Veerkracht op lange termijn van de LTEE en zijn methoden
Het E. coli Long-Term Evolution Experiment (LTEE) bevindt zich nu in zijn vierde decennium. Voor een microbieel evolutie-experiment van welke duur dan ook, is het van cruciaal belang om een reproduceerbare omgeving te behouden, besmetting te voorkomen, monsters te archiveren en de geschiktheid nauwkeurig te meten. De LTEE demonstreert verschillende beproefde strategieën om deze doelstellingen te bereiken, waaronder het gebruik van goed geschudde kolven die een homogene omgeving creëren en een chemisch gedefinieerd groeimedium dat een lage celdichtheid ondersteunt.
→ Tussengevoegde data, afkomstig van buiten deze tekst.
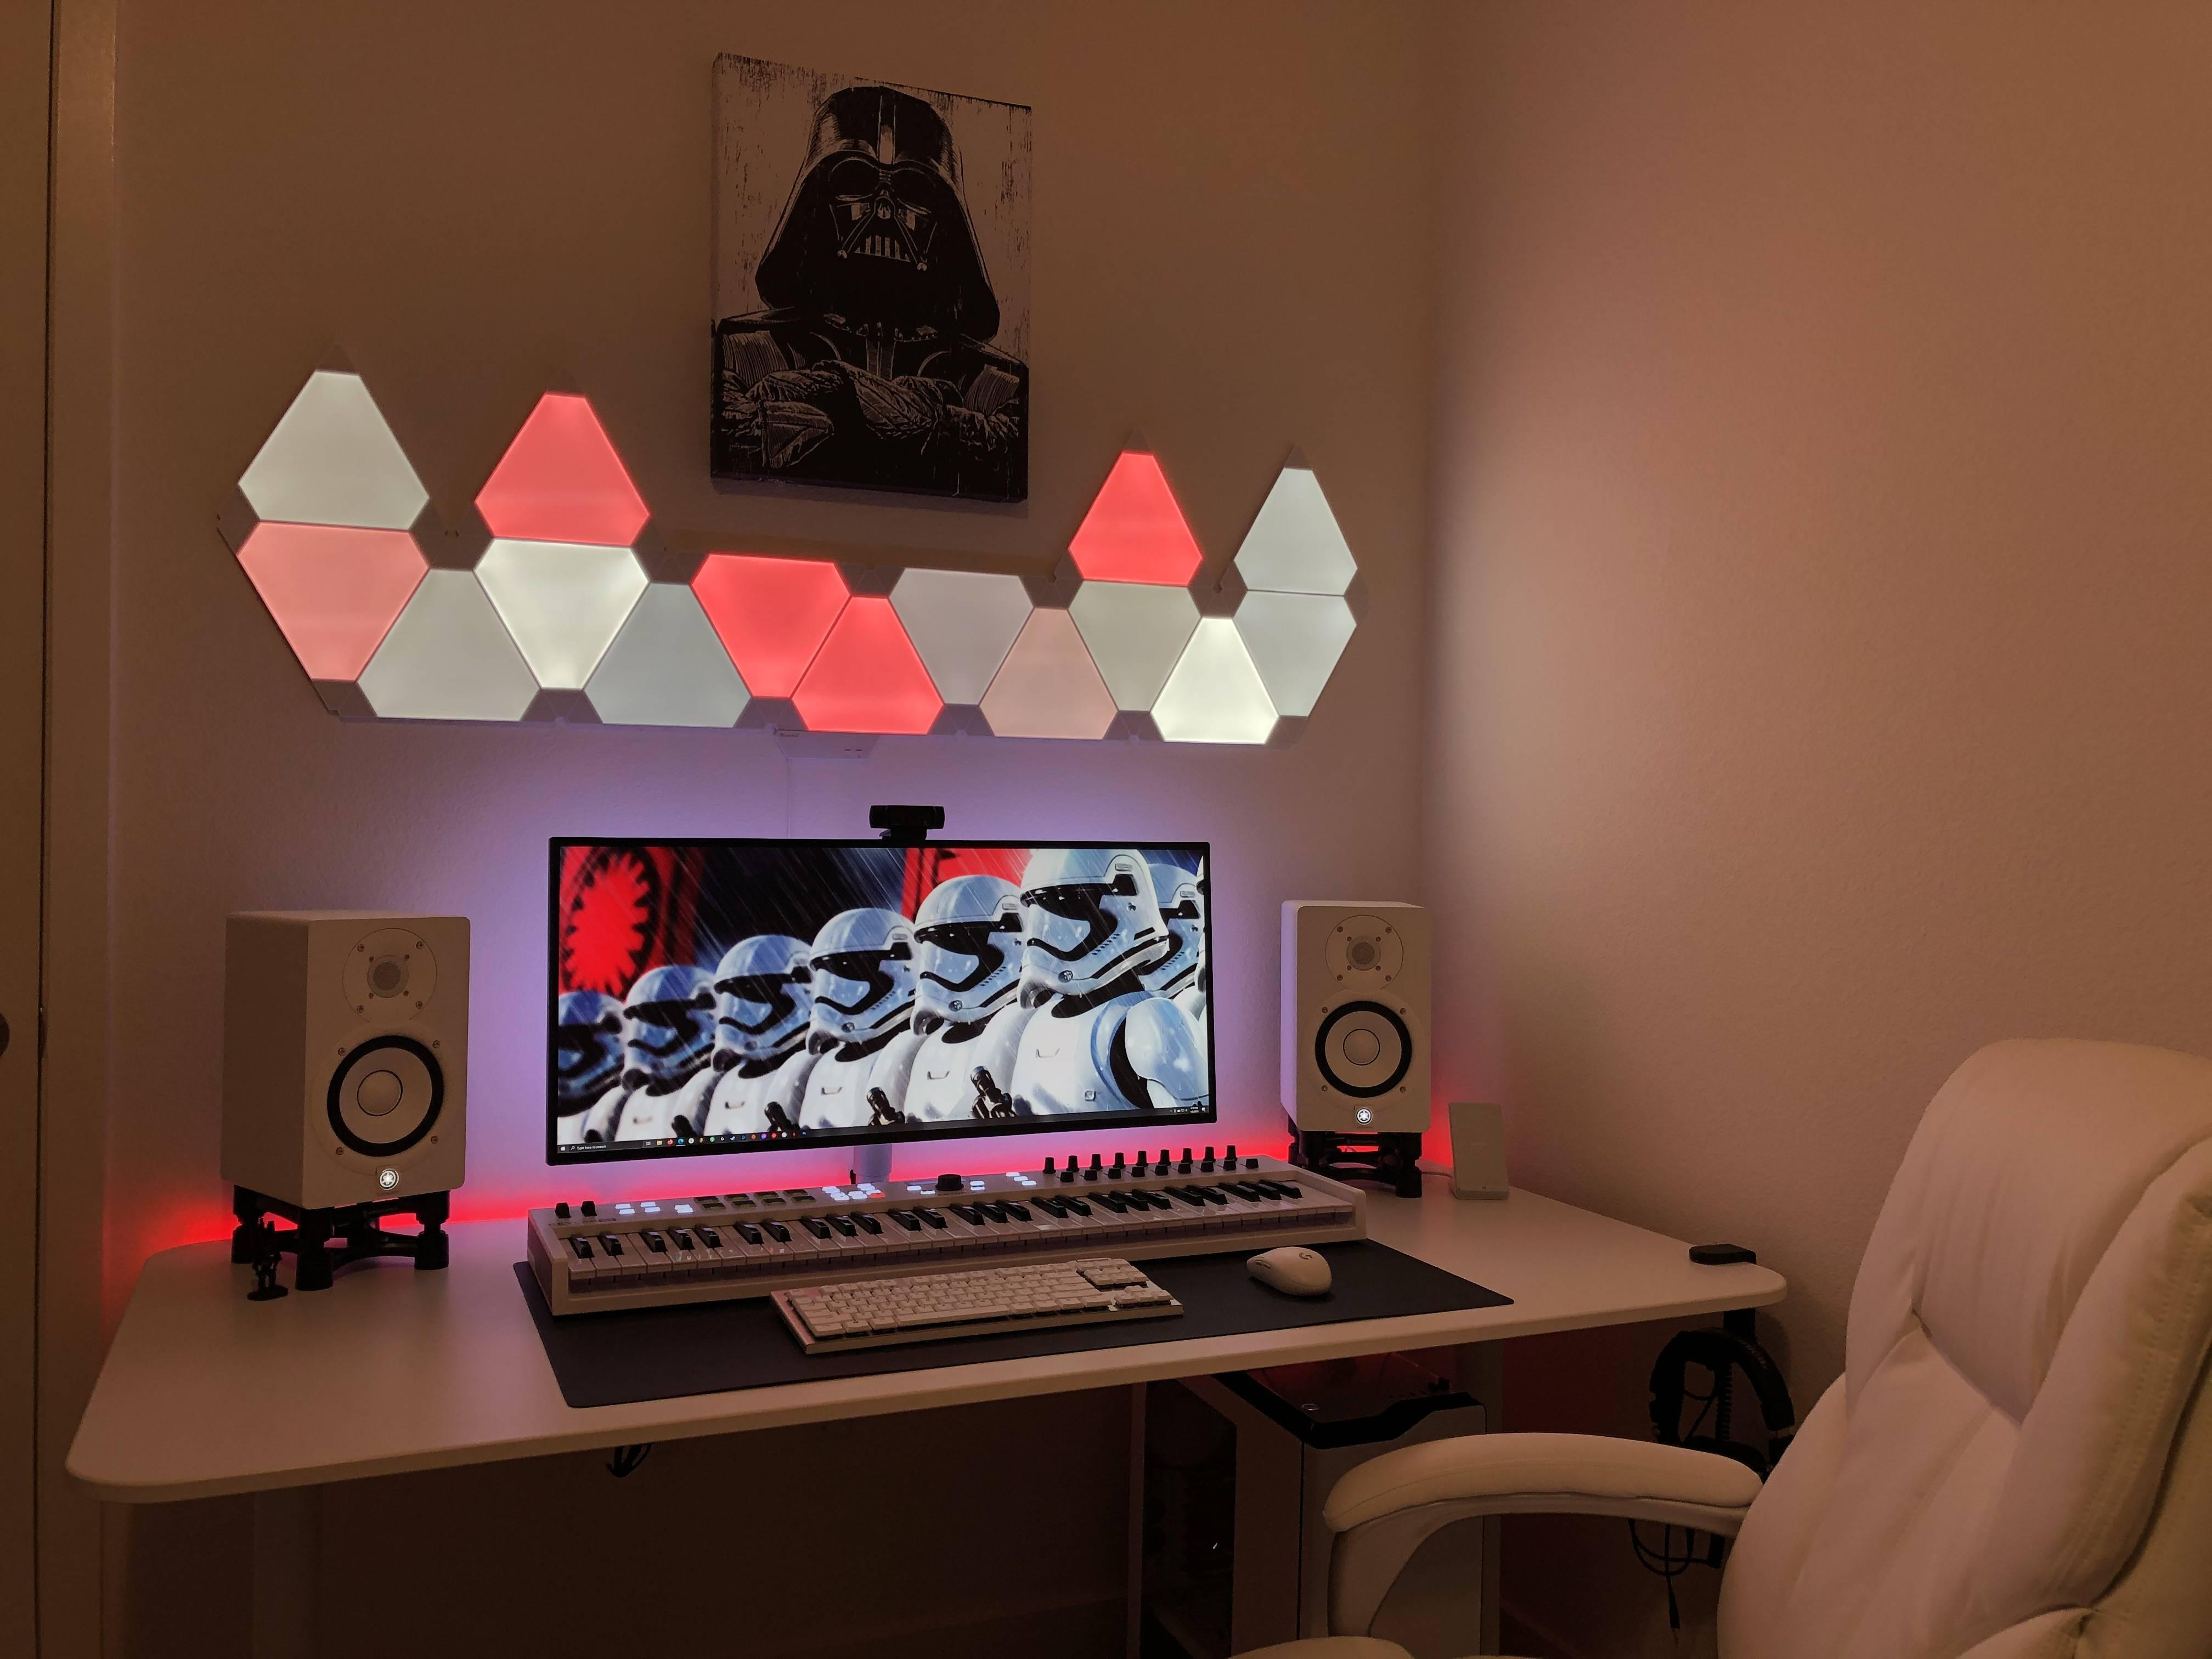 roncruz's Setup - Gaming/Productivity Setup | Scooget

Bovendien gebruikt de LTEE voorouderstammen die verschillen in een genetische marker die een fenotype (koloniekleur) geeft die zowel gemakkelijk kan worden gescreend als selectief neutraal is in de evolutieomgeving. Deze experimentele ontwerpfunctie biedt een middel om interne en externe verontreiniging te identificeren en vergemakkelijkt het meten van de geschiktheid. Niet alle procedures en waarborgen die sinds 1988 door de LTEE zijn gebruikt, zijn echter even robuust gebleken. Sommige methoden die betrouwbaar waren toen de LTEE begon, zijn minder effectief geworden naarmate de E. coli-populaties zijn geëvolueerd . Gelukkig kunnen deze problematische methoden nu worden uitgebreid of vervangen met behulp van technologieën die sinds het begin van het experiment zijn ontwikkeld.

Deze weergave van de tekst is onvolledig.